Allergic reactions: rash, urticaria, itching, hypersensitivity reactions, including immediate-type reactions (≥ 0.01% and < 1%); in isolated cases – angioedema.

Other: in isolated cases – blurred vision, increased intraocular pressure (≥ 0.01% and < 1%); glaucoma.

Most of the above adverse reactions may be associated with the anticholinergic action of tiotropium bromide.

Contraindications

First trimester of pregnancy; children and adolescents under 18 years of age; hypersensitivity to tiotropium bromide; hypersensitivity to atropine or its derivatives (including ipratropium and oxitropium).

Use in Pregnancy and Lactation

Use is contraindicated in the first trimester of pregnancy.

In the second and third trimesters of pregnancy and during lactation, Tiotropium bromide should be used only in cases where the expected benefit of therapy for the mother outweighs the potential risk to the fetus or breastfed infant.

Special Precautions

Use with caution in angle-closure glaucoma, prostatic hyperplasia, bladder neck obstruction.

Not intended for the relief of acute bronchospasm attacks.

After inhalation, immediate-type hypersensitivity reactions may develop.

The inhalation process itself may cause bronchospasm.

During treatment, the condition of patients with renal failure (creatinine clearance ≤ 50 mL/min) should be carefully monitored.

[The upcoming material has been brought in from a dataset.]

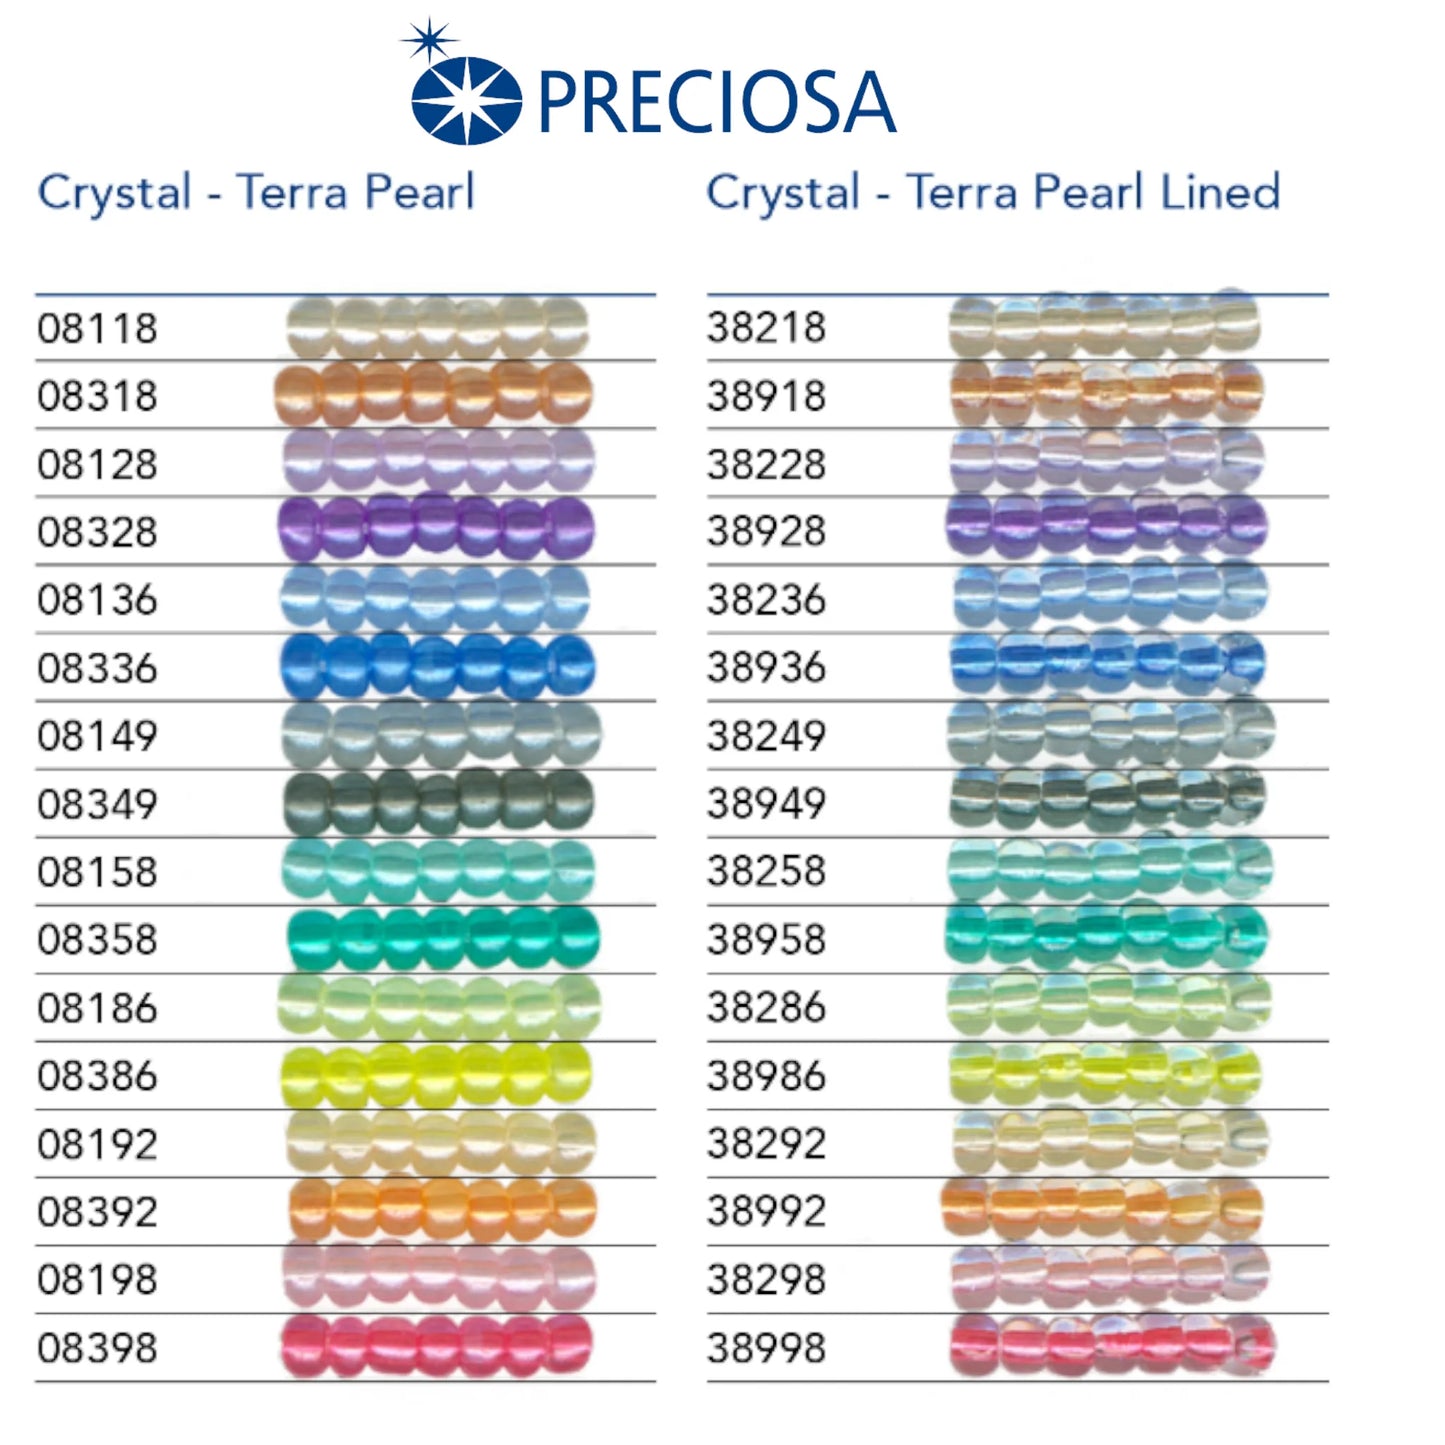 08336 Czech seed beads PRECIOSA Rocailles 10/0 light blue. Crystal - Terra Pearl.

Effect on ability to drive vehicles and operate machinery

No studies have been conducted on the effect of the drug on the ability to drive vehicles and operate machinery. Cases of dizziness and blurred vision when using the drug may have a negative impact on the aforementioned ability.

Storage Conditions

Store at 2°C (36°F) to 25°C (77°F). Keep in original packaging, protected from light. Keep out of reach of children.

Dispensing Status

Rx Only

Important Safety Information

This information is for educational purposes only and does not replace professional medical advice. Always consult your doctor before use. Dosage and side effects may vary. Use only as prescribed.